Toughest game: at Missouri, Oct. 25

Easiest game: vs. Eastern Washington, Sept. 6

7. Syracuse Orange

Syracuse might have to win at least seven games for coach Greg Robinson to keep his job beyond this season -- and it certainly won't be easy against an arduous schedule.

The Orange, who finished 2-10 last season, open the season with an Aug. 30 road game at Northwestern. Consecutive home games against Akron on Sept. 6 and Penn State on Sept. 13 are challenging, too. Syracuse's other nonconference games are a Sept. 20 game against Division I-AA Northeastern at the Carrier Dome and Nov. 22 road game at Notre Dame.

The Orange play four of the Big East's best teams on the road: at West Virginia on Oct. 11., at South Florida on Oct. 18, at Rutgers on Nov. 8 and at Cincinnati on Nov. 29.

Nonconference opponents: Northwestern (road), Akron (home), Penn State (home), Northeastern (home), Notre Dame (road)

Toughest game: at West Virginia, Oct. 11

Easiest game: vs. Northeastern, Sept. 20

8. Troy Trojans

The Trojans should challenge Florida Atlantic for the Sun Belt championship this season, but they'll have to survive a brutal nonconference schedule during the first two months.

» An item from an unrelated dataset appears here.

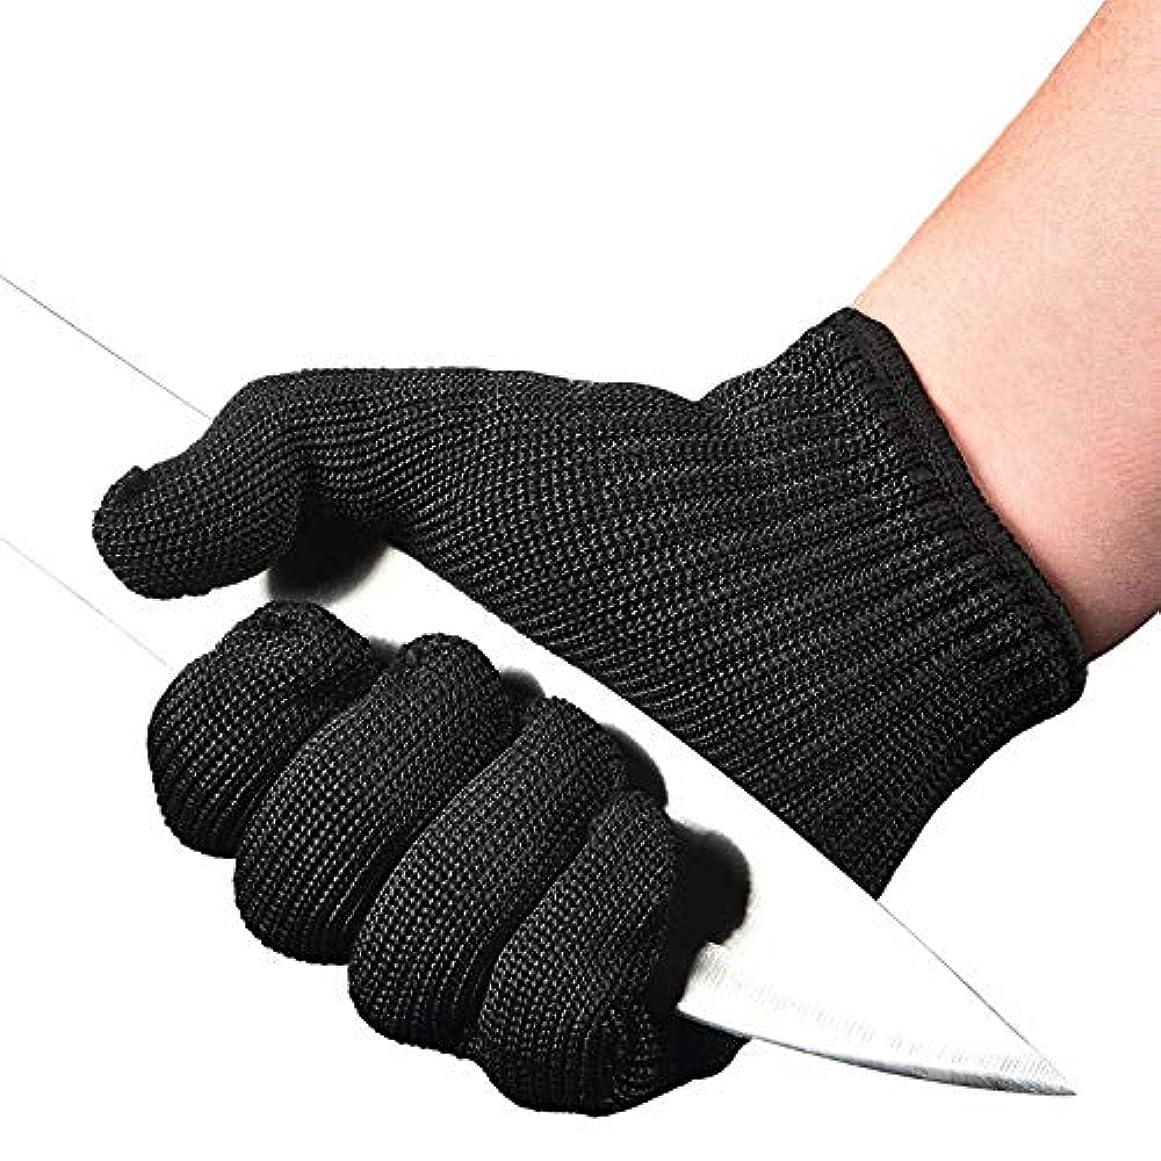 クリスチャン衝突する固体1ペアカット耐性の手袋食品グレードレベル5の保護、安全キッチンはオイスターShucking、魚フィレ加工用手袋をカット

After opening the season with an Aug. 28 road game at Middle Tennessee, Troy plays at defending national champion LSU on Sept. 6. On Sept. 20, the Trojans play at Ohio State, which lost to LSU 38-24 in the 2008 BCS championship game. Troy also plays at Oklahoma State on Sept. 27.

Ten days after playing the Cowboys, the Trojans play the Owls in a game that could decide which team wins the Sun Belt championship.

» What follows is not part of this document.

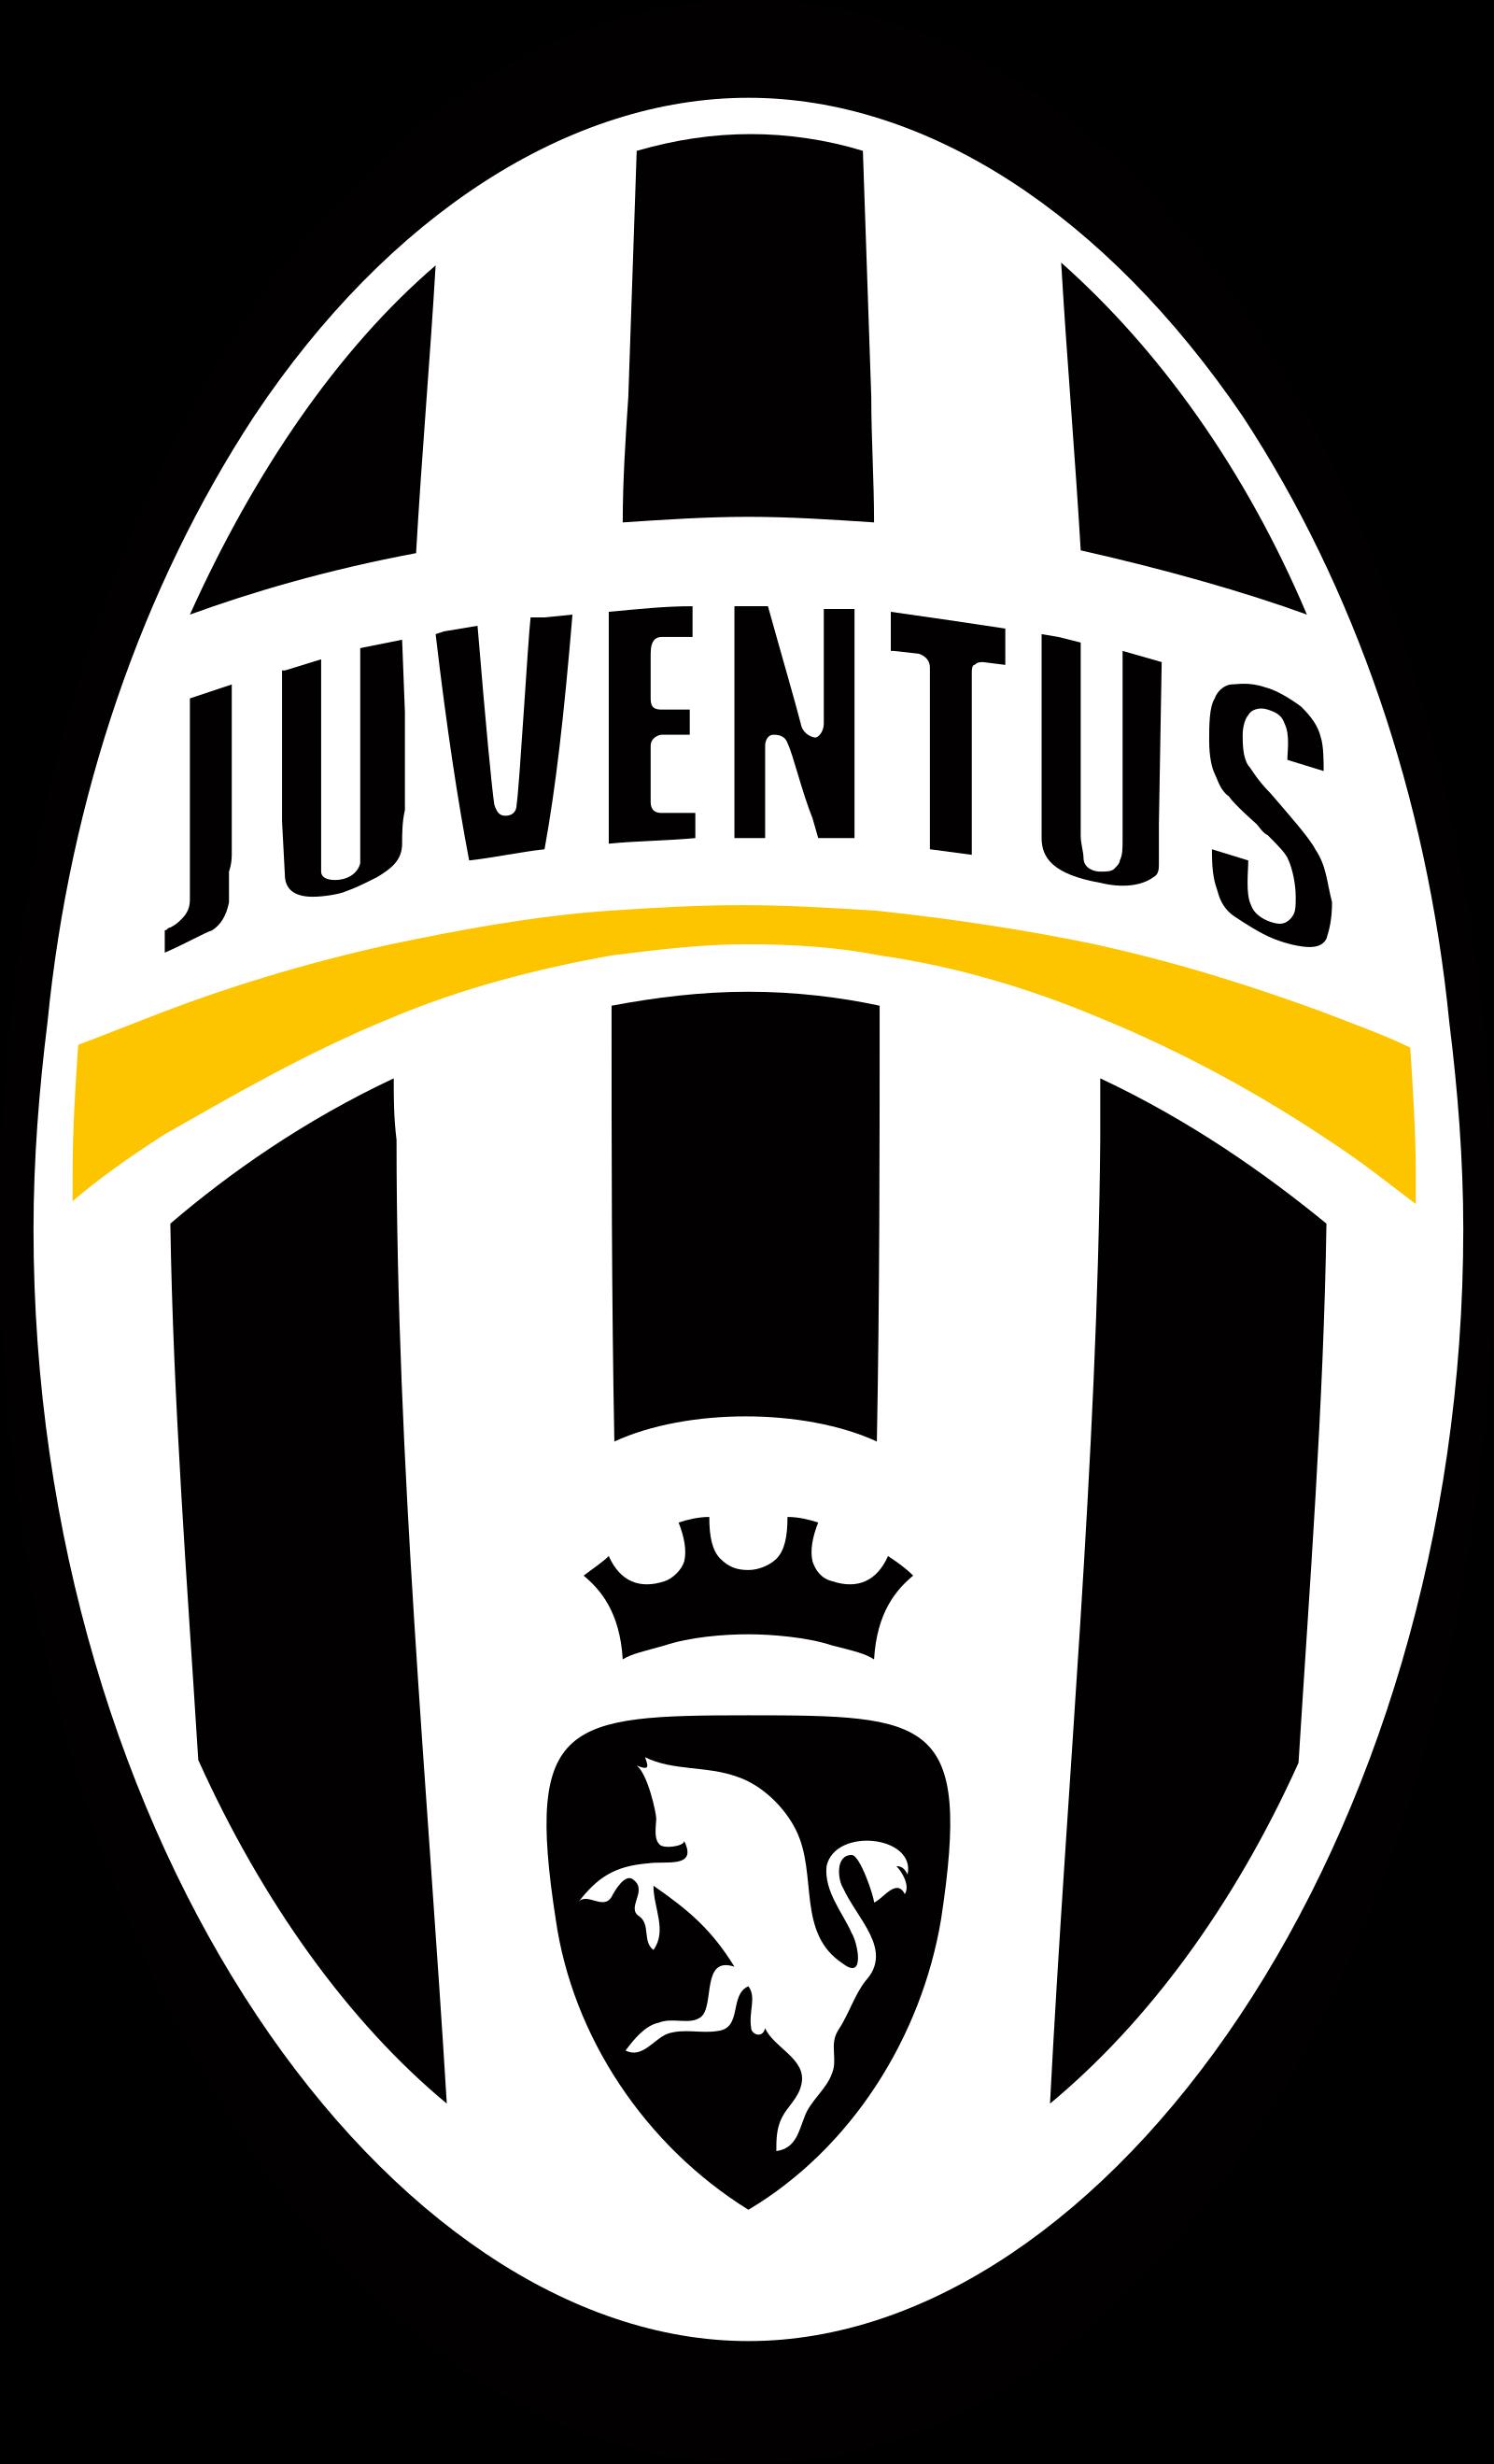 juventus-turim-logo-escudo-2

Nonconference opponents: LSU (road), Alcorn State (home), Ohio State (road), Oklahoma State (road), Western Kentucky (home)

Toughest game: at Ohio State, Sept. 20

Easiest game: vs. Florida International, Oct. 18

9. Alabama Crimson Tide

Alabama's nonconference schedule, which includes home games against Tulane, Western Kentucky and Arkansas State, leaves a lot to be desired. But the Crimson Tide more than make up for it with an Aug. 30 opener against Clemson in Atlanta's Georgia Dome and a brutal stretch of SEC road games.

If coach Nick Saban is going to improve on a 7-6 mark in his first season at Alabama, his team has to be much improved. The Crimson Tide play road games at Arkansas on Sept. 20, at Georgia on Sept. 27, at Tennessee on Oct. 25 and at defending national champion LSU on Nov. 8.

Alabama finishes the regular season with a home game against Auburn at Bryant-Denney Stadium on Nov. 29. The Tigers have beaten the Crimson Tide six times in a row, the longest winning streak in the Iron Bowl for Auburn.

Nonconference opponents: Clemson (at Atlanta), Tulane (home), Western Kentucky (home), Arkansas State (home)

Toughest game: at LSU, Nov. 8

Easiest game: vs. Western Kentucky, Sept. 13

10. Virginia Cavaliers

It figures to be a rebuilding year for Cavaliers coach Al Groh, who must replace star defensive end Chris Long and several other key players. Virginia's schedule might make Groh's task even tougher.

The Cavaliers open the season Aug. 30 against USC at Scott Stadium. Virginia also plays nonconference games against Division I-AA Richmond on Sept. 6, at Connecticut on Sept. 13 and against East Carolina on Oct. 11.

Virginia closes the regular season with a three-game stretch that includes a road game at Wake Forest on Nov. 8, at home against Clemson on Nov. 22 and at rival Virginia Tech on Nov. 29.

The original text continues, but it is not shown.